The goal of this placebo controlled randomized double blind interventional study is to assess the effect of palmitoylethanolamide supplementation in patients with functional dyspepsia The main questions it aims to answer are:

  • The efficacy of PEA on functional dyspepsia symptoms measured using the LPDS questionnaire

  • The effect of PEA on duodenal mucosal permeability.

Participants will receive an 8-week during treatment with PEA 3x400 mg per day or placebo 3 times per day.

Condition or Disease Intervention/Treatment Phase
  • Dietary Supplement: Palmitoylethanolamide
 N/A

Study Design

Study Type:
Interventional
Anticipated Enrollment :
100 participants
Allocation:
Randomized
Intervention Model:
Parallel Assignment
Intervention Model Description:
Double blind, placebo controlled studyDouble blind, placebo controlled study
Masking:
Quadruple (Participant, Care Provider, Investigator, Outcomes Assessor)
Primary Purpose:
Treatment
Official Title:
THE EFFECT OF DIETARY SUPPLEMENTATION WITH PALMITOYLETHANOLAMIDE ON GASTROINTESTINAL SYMPTOMS IN FUNCTIONAL DYSPEPSIA PATIENTS.
Actual Study Start Date :
Nov 29, 2021
Anticipated Primary Completion Date :
Jan 1, 2024
Anticipated Study Completion Date :
Mar 1, 2024

Arms and Interventions

Arm Intervention/Treatment
Active Comparator: PEA + participant ON-PPI

Patiënts that on baseline take daily PPI treatment are randomized in the ON-PPI PEA arm or ON-PPI placebo arm

Dietary Supplement: Palmitoylethanolamide
8-week treatment 3x400 mg per day
Placebo Comparator: Placebo + Participant ON-PPI

Patiënts that on baseline take daily PPI treatment are randomized in the ON-PPI PEA arm or ON-PPI placebo arm

Dietary Supplement: Palmitoylethanolamide
8-week treatment 3x400 mg per day
Active Comparator: PEA + participant OFF-PPI

Patiënts that do not take PPI at baseline are randomized in the OFF-PPI PEA arm or OFF-PPI placebo arm

Dietary Supplement: Palmitoylethanolamide
8-week treatment 3x400 mg per day
Placebo Comparator: Placebo + participant OFF-PPI

Patiënts that do not take PPI at baseline are randomized in the OFF-PPI PEA arm or OFF-PPI placebo arm

Dietary Supplement: Palmitoylethanolamide
8-week treatment 3x400 mg per day

Outcome Measures

Primary Outcome Measures

  1. Effect (change) on the Leuven-postprandial distress scale (LPDS) (0-15), higher score indicating more symptoms) [Comparison after 8 weeks of treatment with placebo or PEA]

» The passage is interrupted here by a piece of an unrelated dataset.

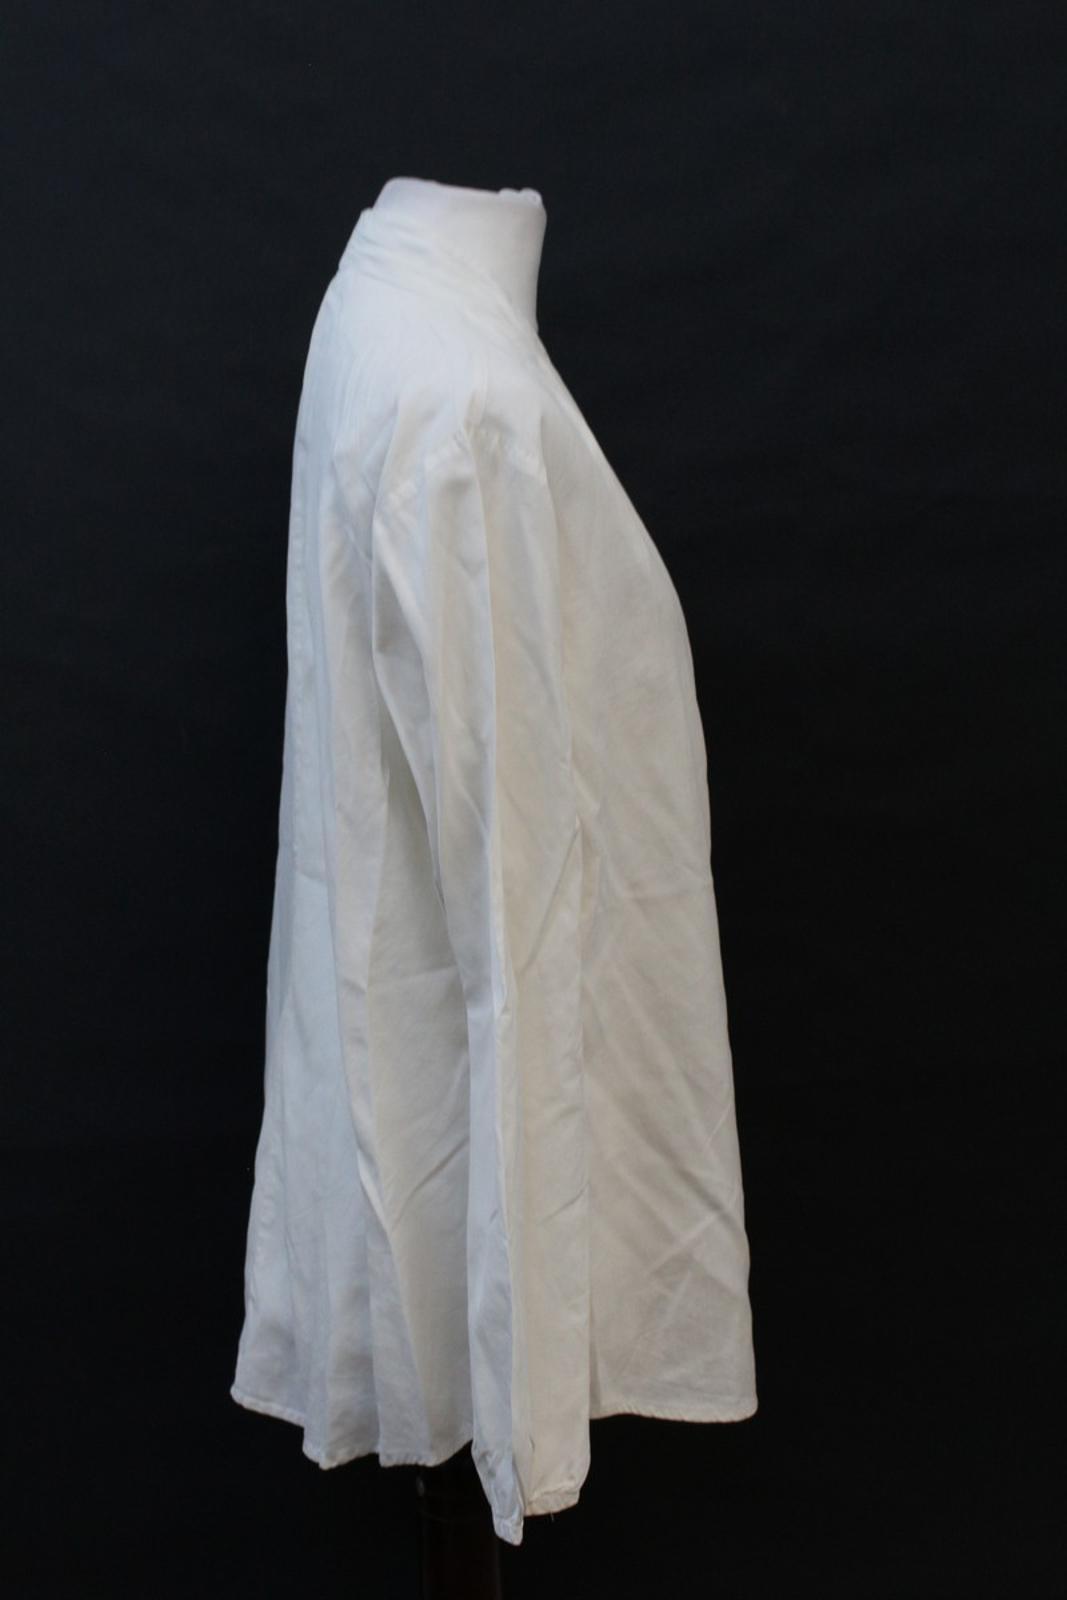 Orvis-Damas-Marfil-Seda-manga-larga-escote-en-forma-de-V-Blusa-Talla-S-UK6-8 miniatura 4

    Validated questionnaire for measurement of dyspeptic symptoms in functional dyspepsia

Secondary Outcome Measures

  1. Effect of PEA supplementation on duodenal permeability [Comparison after 8 weeks of treatment with placebo or PEA]

    Duodenal biopsies in Ussing chambers (measurement of mucosal permeability)

  2. Effect of PEA supplementation on duodenal inflammation [Comparison after 8 weeks of treatment with placebo or PEA]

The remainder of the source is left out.